Jury finds UI prof. guilty of assault
University of Iowa assistant professor Toshiki Itoh was found guilty Tuesday on two counts of assault with intent to cause bodily injury, stemming from incidents in which he injured his then-research assistant.
But after nine hours of deliberation, the jury was unable to reach a unanimous verdict on a third-degree sexual abuse charge.
Jury member Nick Schaier, 27, said the sexual-abuse charge came down to a 10-2 split.
“I just was not convinced the state had put forth enough evidence,” he said. “The other two [charges] were pretty cut-and-dried.”
The other juror who voted against conviction agreed.
While the jury deliberated, Itoh’s wife, Yuka Itoh, sobbed in the courtroom as she waited for the verdict, occasionally drying her tears with a red handkerchief. Some of the Itohs’ friends and family attempted to comfort her while Itoh stood in front of them, staring toward the back of the room.
Itoh was charged in September 2008 with two counts of assault with intent to cause bodily injury and one count of third-degree sexual abuse after his former research assistant called UI police on July 10, 2008.
Jury members said the trial was very exhausting, and although they were unable to come to a verdict on the third-degree sexual-abuse charge, everyone’s opinions were respected.
The jury foreman, Marcia Loan, said the jury was very conscientious and wanted to do what was best.
“I think we agree it was a very fair and honest evaluation,” she said. “We went over every single detail.”
Throughout deliberation, several jury members agreed Itoh’s guilt on the assault charges hinged on photographic evidence presented by the prosecution.
“The photographs were huge,” said juror Paul Julius. “And not only showed there had been abuse, but showed there had been abuse on multiple occasions.”
Loan also said it was hard to deny the photographic evidence.
Itoh is on paid leave with an annual salary of $93,000.
UI spokesman Tom Moore said the university doesn’t have a specific policy regarding the termination of employees charged with a crime. The school makes decisions on a case-by-case basis, he said, and he couldn’t comment specifically on what would happen to a person with these charges.
Because of the hung jury, the state has the choice of dropping the third-degree sexual-abuse charge or retrying the case.
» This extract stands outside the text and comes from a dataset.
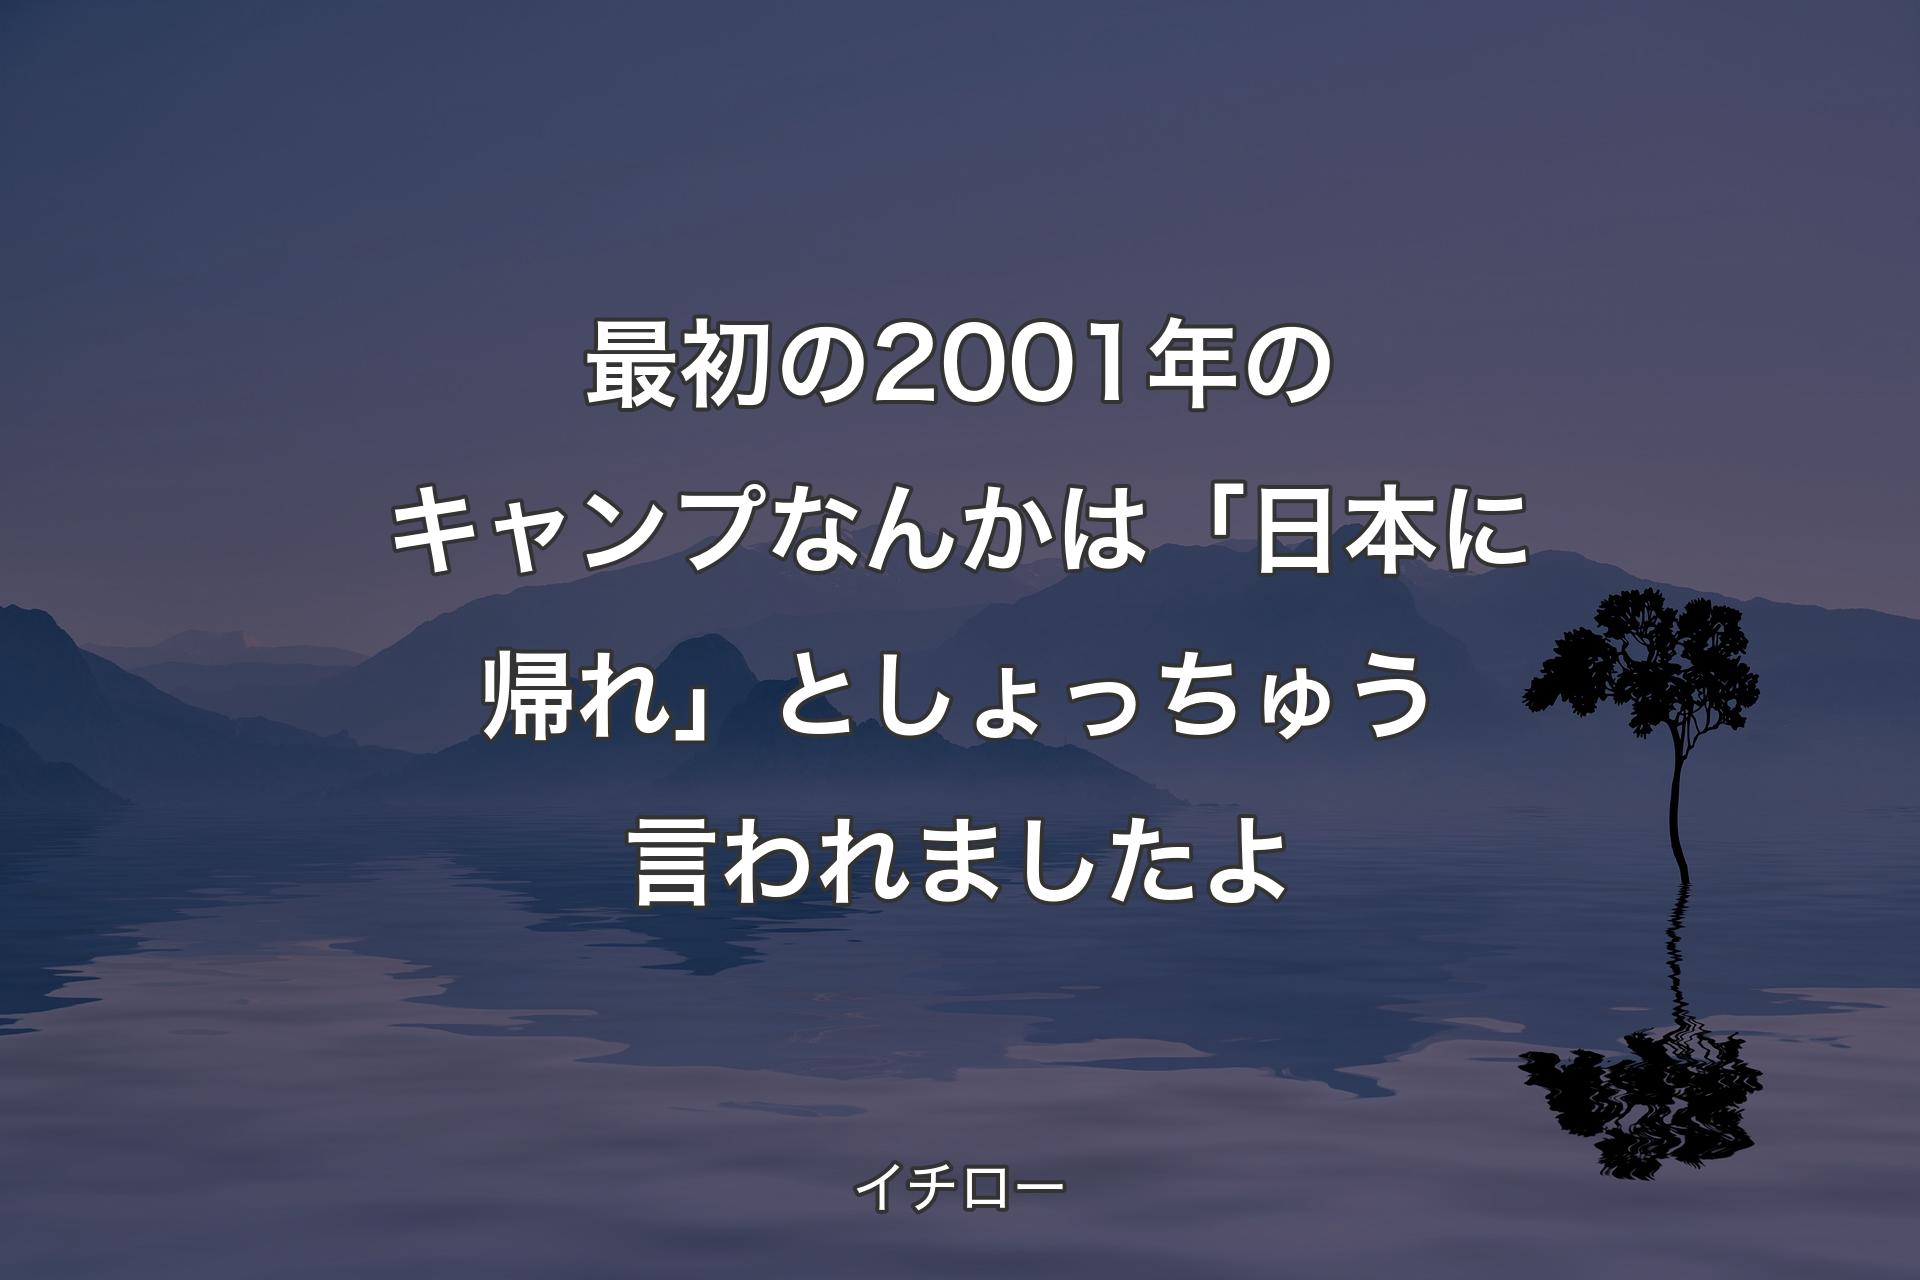 【背景4】最初の2001年のキャンプなんかは「日本に帰れ」としょっちゅう言われましたよ - イチロー

Prosecuting attorney Elizabeth Beglin said if the alleged victim agrees to go through the trial process a second time, the state will “absolutely” move forward on a retrial.
Beglin said she was happy with the verdict on the physical assault charges, but very disappointed with the verdict on sexual abuse.
Defense attorney Patricia Kamath also said she was disappointed by the outcome, and she plans to file an appeal on the assault charges today.
“When you’ve gone through seven days of trial work, and the ultimate issue isn’t resolved, you always feel a little burned out,” she said, following Itoh and his family out of the courtroom.
Kamath said she is unsure whether she will represent Itoh in the appeal, because she plans to retire and has not discussed the prospect with Itoh.
Assault with intent to cause bodily injury is a serious misdemeanor punishable by a minimum fine of $315 and a maximum of one year in prison. Third-degree sexual abuse is punishable by up to five years in prison.
Itoh is on court supervision, and a sentencing date is expected to be set within the next 30 days.